There was nothing out of the ordinary in /var/log/messages. The logging just stops after the network card drops offline. dmesg also shows nothing out of the ordinary when the driver is loaded. The network card works fine until it is under heavy load.
-> /sbin/ifconfig -a
eth0 Link encap:Ethernet HWaddr FF:FF:FF:FF:FF:FF inet addr:10.100.1.200 Bcast:10.100.255.255 Mask:255.255.0.0 UP BROADCAST RUNNING MULTICAST MTU:1500 Metric:1 RX packets:56261 errors:0 dropped:0 overruns:0 frame:0 TX packets:30199 errors:0 dropped:0 overruns:0 carrier:0 collisions:0 txqueuelen:1000 RX bytes:5969478 (5.6 Mb) TX bytes:3305868 (3.1 Mb) Interrupt:26
(MAC address was changed by me)
-> ethtool eth0 and ethtool eth1
Settings for eth0: Supported ports: [ MII ] Supported link modes: 10baseT/Half 10baseT/Full 100baseT/Half 100baseT/Full 1000baseT/Half 1000baseT/Full Supports auto-negotiation: Yes Advertised link modes: 10baseT/Half 10baseT/Full 100baseT/Half 100baseT/Full 1000baseT/Half 1000baseT/Full Advertised auto-negotiation: Yes Speed: 1000Mb/s Duplex: Full Port: Twisted Pair PHYAD: 1 Transceiver: internal Auto-negotiation: on Supports Wake-on: g Wake-on: d Current message level: 0x000000ff (255) Link detected: yes
Settings for eth1: Supported ports: [ MII ] Supported link modes: 10baseT/Half 10baseT/Full 100baseT/Half 100baseT/Full 1000baseT/Half 1000baseT/Full Supports auto-negotiation: Yes Advertised link modes: 10baseT/Half 10baseT/Full 100baseT/Half 100baseT/Full 1000baseT/Half 1000baseT/Full Advertised auto-negotiation: Yes Speed: Unknown! (0) Duplex: Half Port: Twisted Pair PHYAD: 1 Transceiver: internal Auto-negotiation: on Supports Wake-on: g Wake-on: d Current message level: 0x000000ff (255) Link detected: no
Hi,
please leave the attribution when you reply ;)

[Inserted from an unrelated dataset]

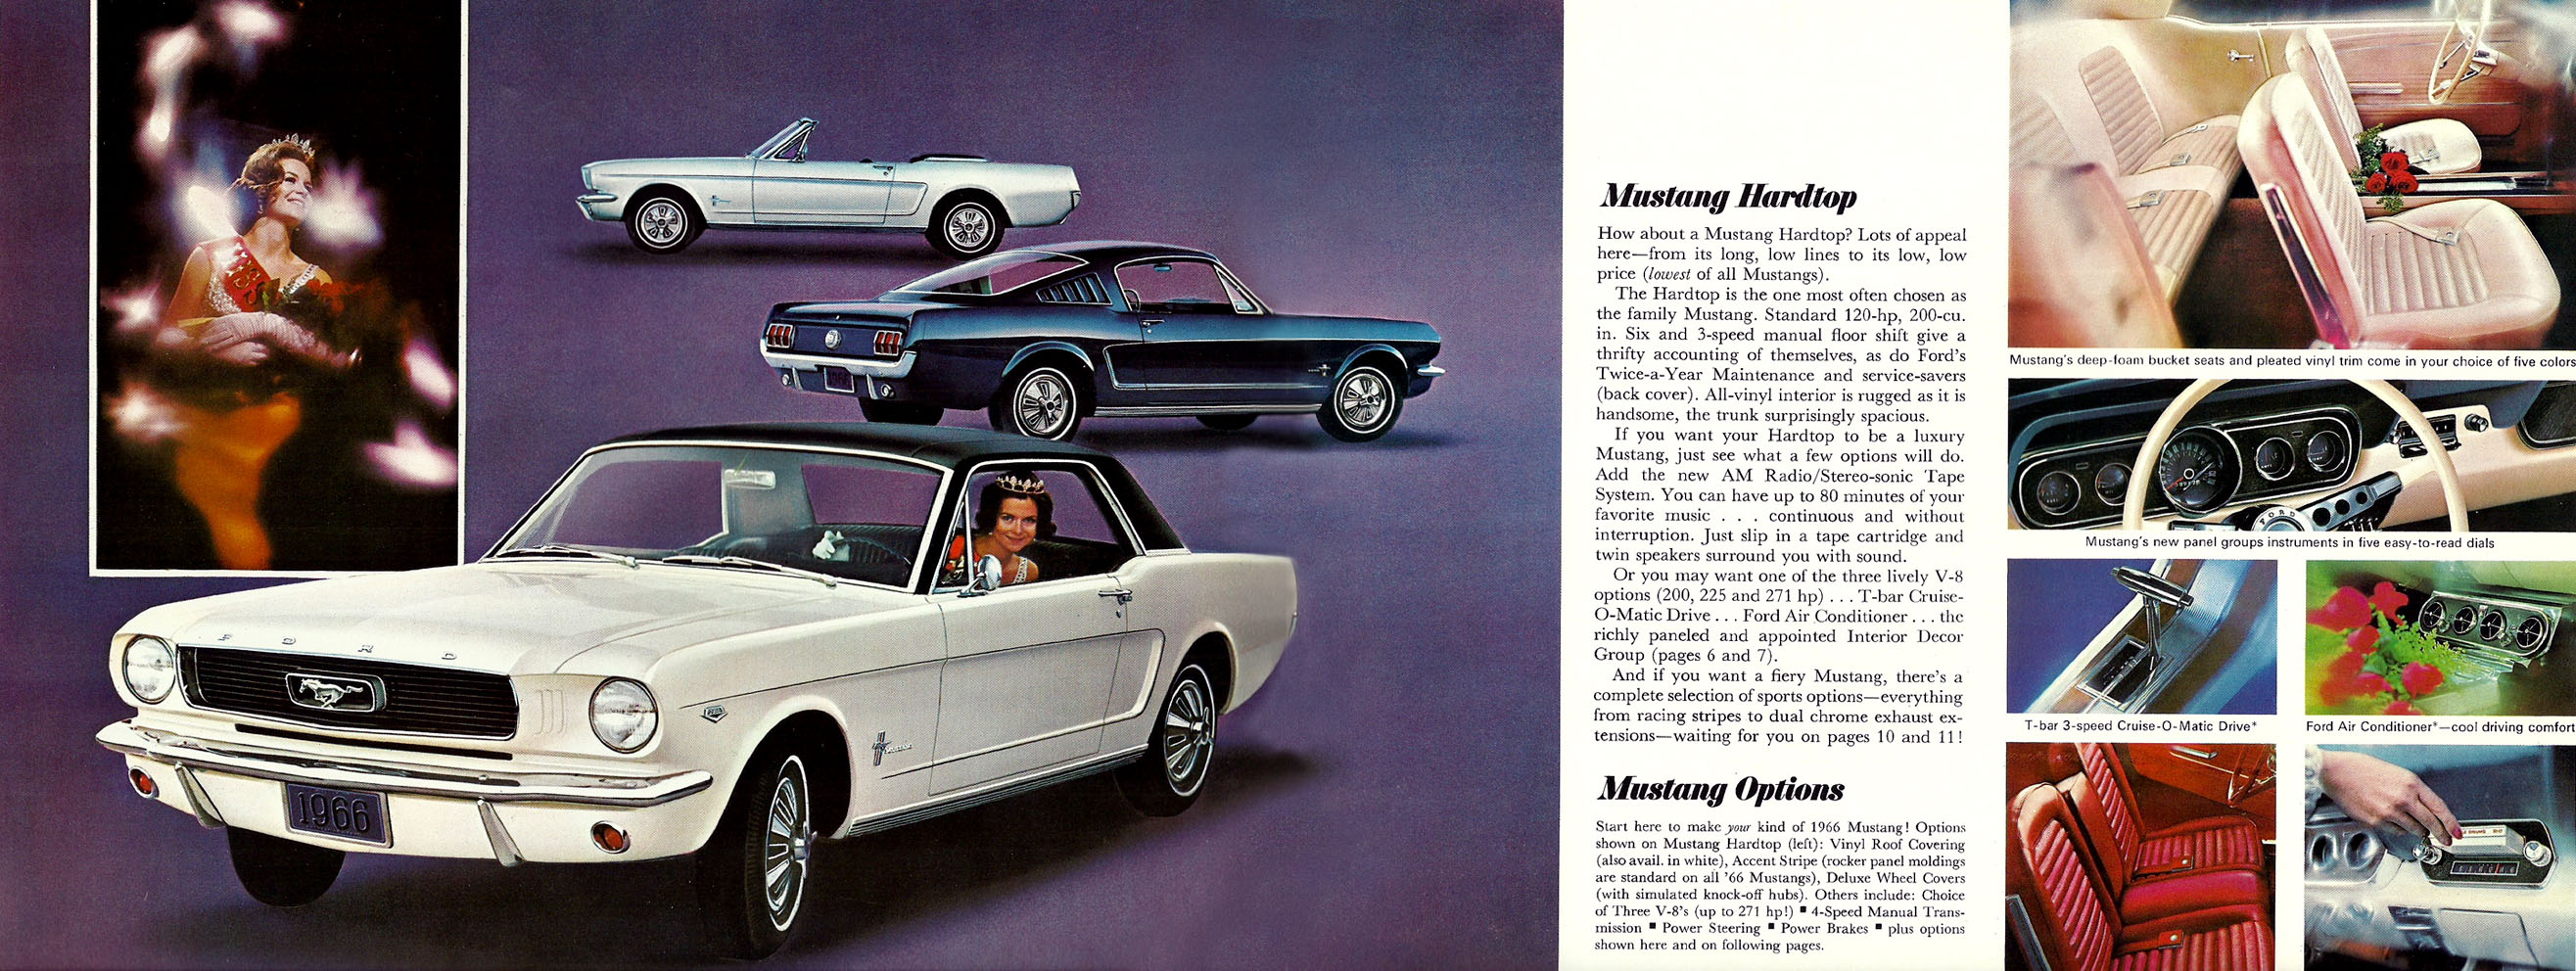 1966 Ford Mustang Brochure Page 3
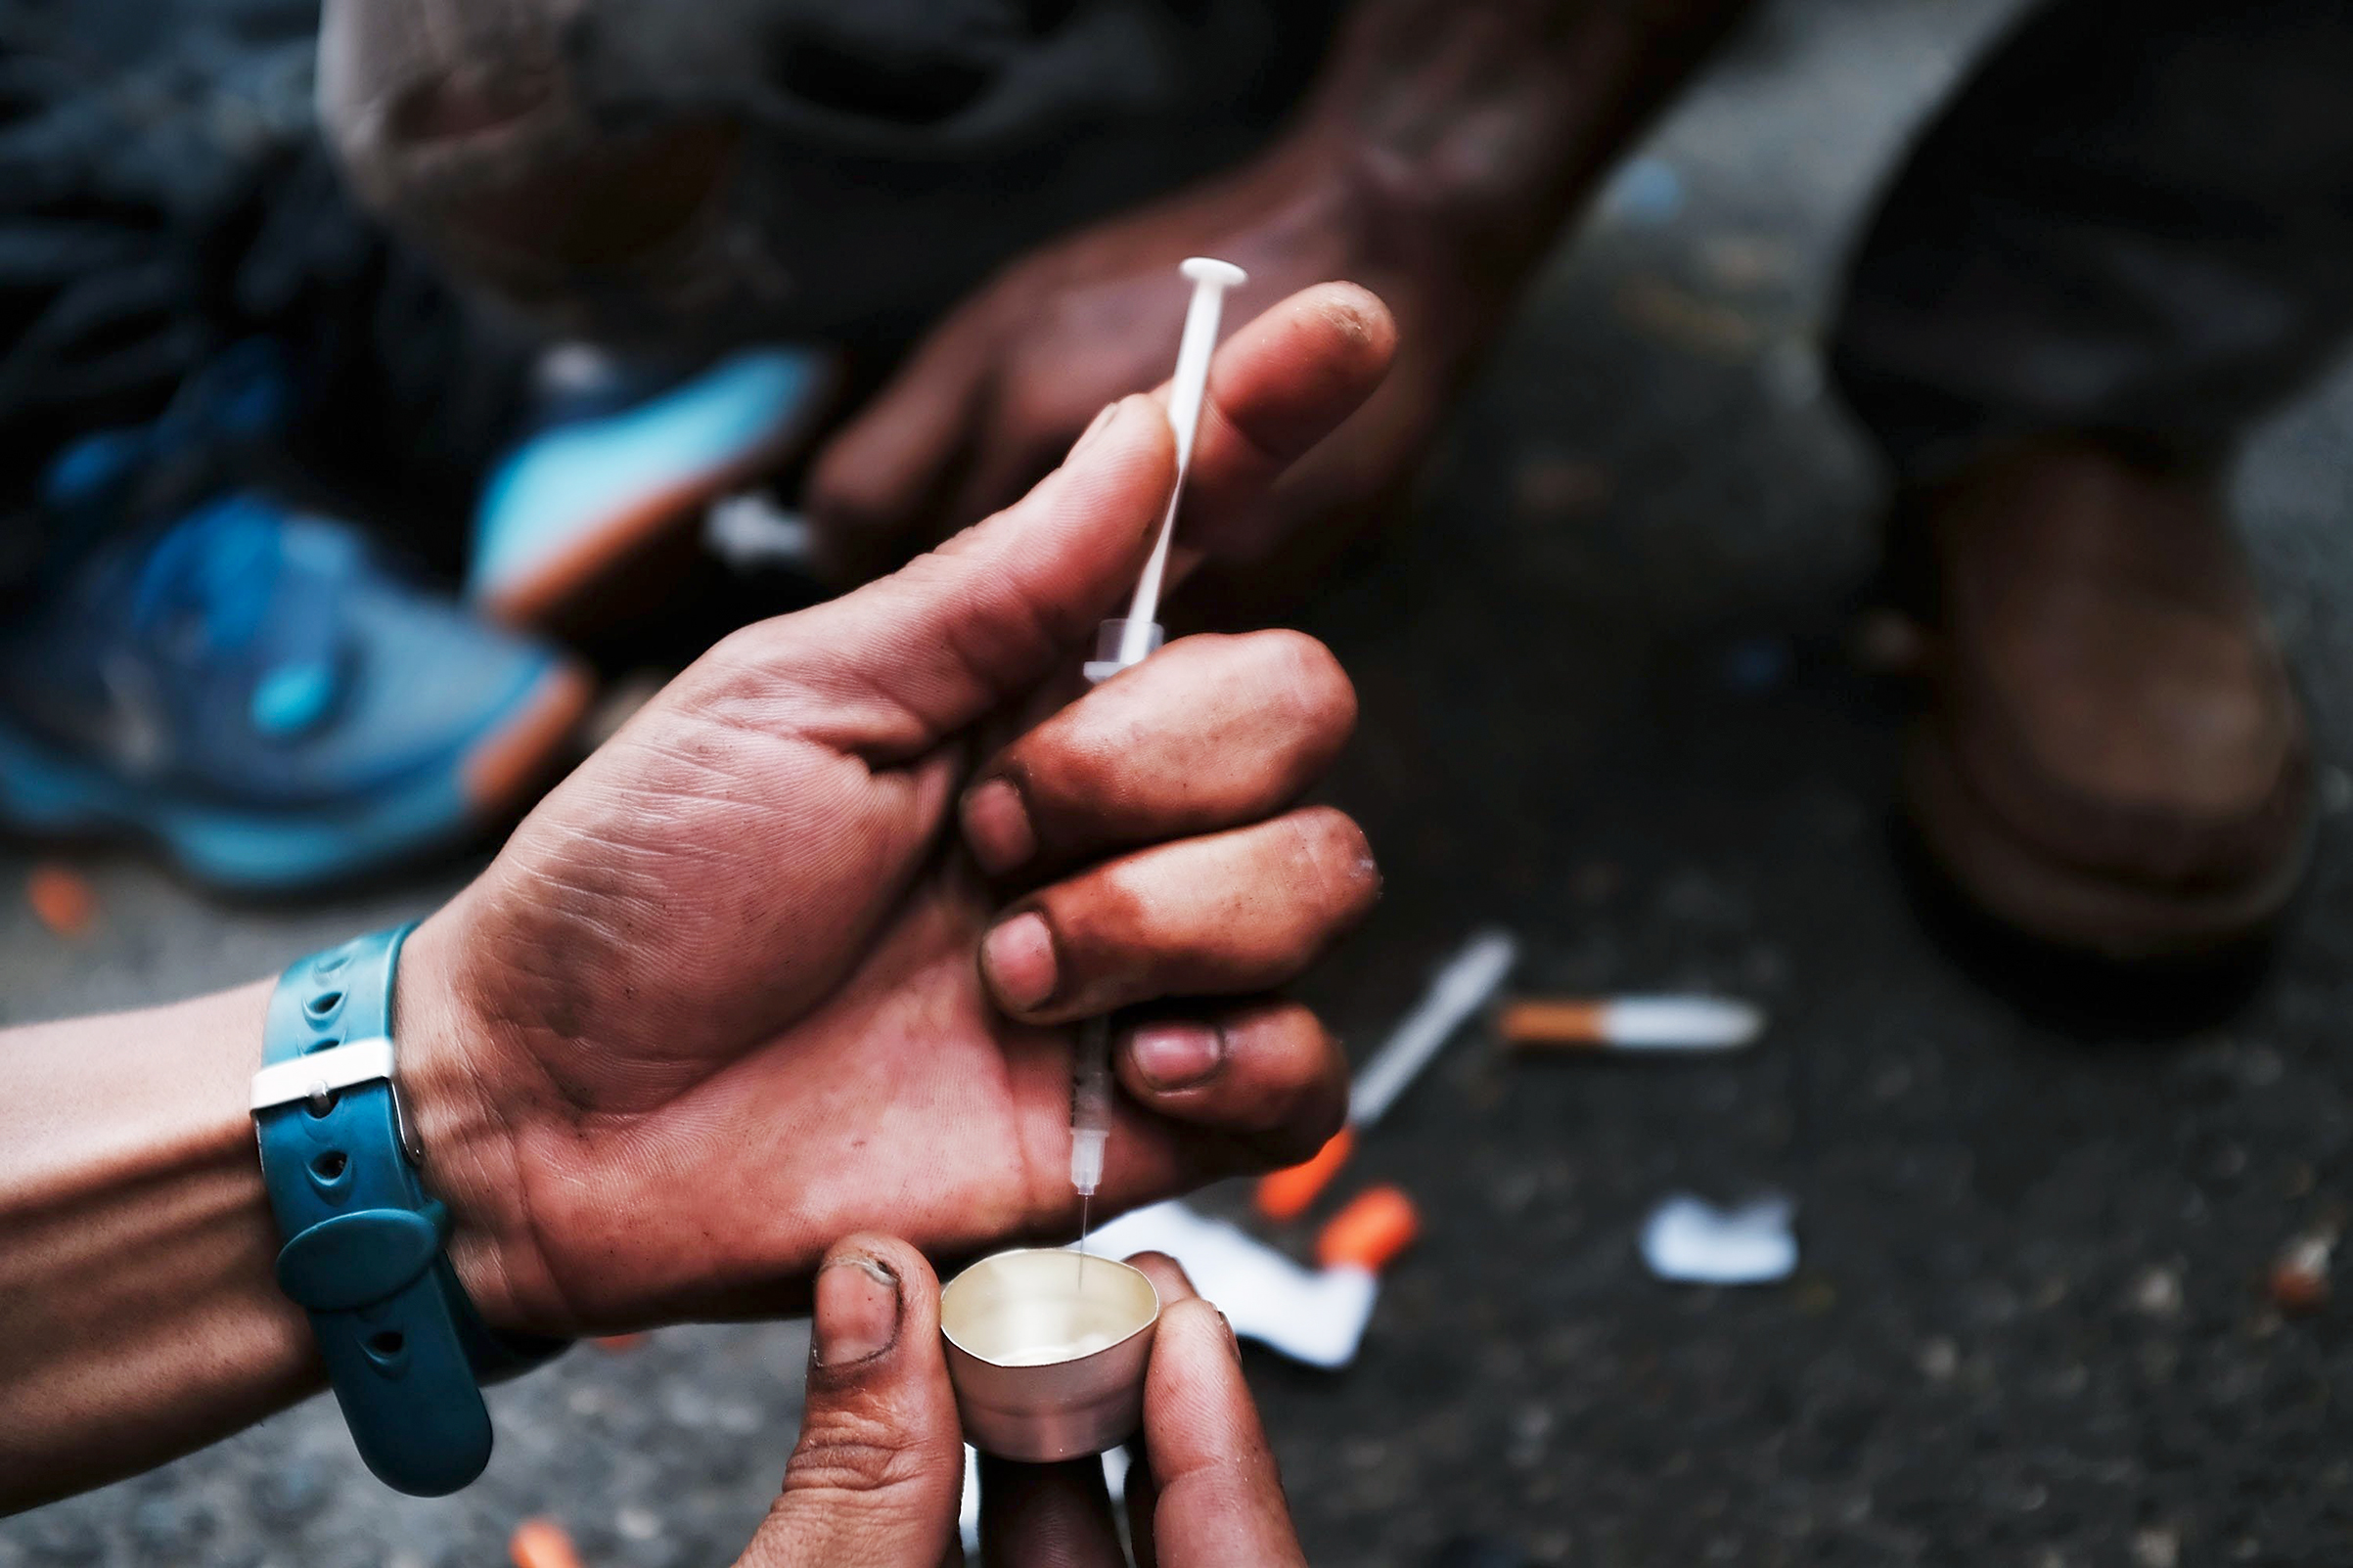 A user prepares to take heroin on a New York City street in the South Bronx on Oct. 7 (Spencer Platt—Getty Images)

On Thu, Oct 09, 2008 at 08:27:34AM -0500, Sean Carolan wrote:
This server is running centos 3.9 Linux server.domain.com 2.4.21-57.ELsmp #1 SMP Wed May 7 06:10:55 EDT 2008 i686 i686 i386 GNU/Linux
3.9 32 bits SMP latest kernel version.
There was nothing out of the ordinary in /var/log/messages. The logging just stops after the network card drops offline. dmesg also shows nothing out of the ordinary when the driver is loaded. The network card works fine until it is under heavy load.
-> /sbin/ifconfig -a
eth0 Link encap:Ethernet HWaddr FF:FF:FF:FF:FF:FF inet addr:10.100.1.200 Bcast:10.100.255.255 Mask:255.255.0.0 UP BROADCAST RUNNING MULTICAST MTU:1500 Metric:1 RX packets:56261 errors:0 dropped:0 overruns:0 frame:0 TX packets:30199 errors:0 dropped:0 overruns:0 carrier:0 collisions:0 txqueuelen:1000 RX bytes:5969478 (5.6 Mb) TX bytes:3305868 (3.1 Mb) Interrupt:26
not much my compute node running the 64 bits version are showing: ... 2.4.21-57.ELsmp #1 SMP Wed May 7 05:32:23 EDT 2008 x86_64 x86_64 x86_64 GNU/Linux /etc/modules.conf: ... alias eth1 tg3 ... eth1 Link encap:Ethernet HWaddr 00:E0:81:xx:xx:xx inet addr:157.99.90.xxx Bcast:157.99.90.255 Mask:255.255.255.0 UP BROADCAST RUNNING MULTICAST MTU:1500 Metric:1 RX packets:1016657124 errors:0 dropped:0 overruns:0 frame:0 TX packets:831373335 errors:0 dropped:0 overruns:0 carrier:0 collisions:0 txqueuelen:1000 RX bytes:211598527896 (201796.0 Mb) TX bytes:217466051363 (207391.7 Mb) Interrupt:24
[tru@aaricia ~]$ uptime 16:12:45 up 126 days, 19:17, 1 user, load average: 4.07, 3.88, 3.12 [tru@aaricia ~]$ lspci 02:09.0 Ethernet controller: Broadcom Corporation NetXtreme BCM5704 Gigabit Ethernet (rev 03) 02:09.1 Ethernet controller: Broadcom Corporation NetXtreme BCM5704 Gigabit Ethernet (rev 03)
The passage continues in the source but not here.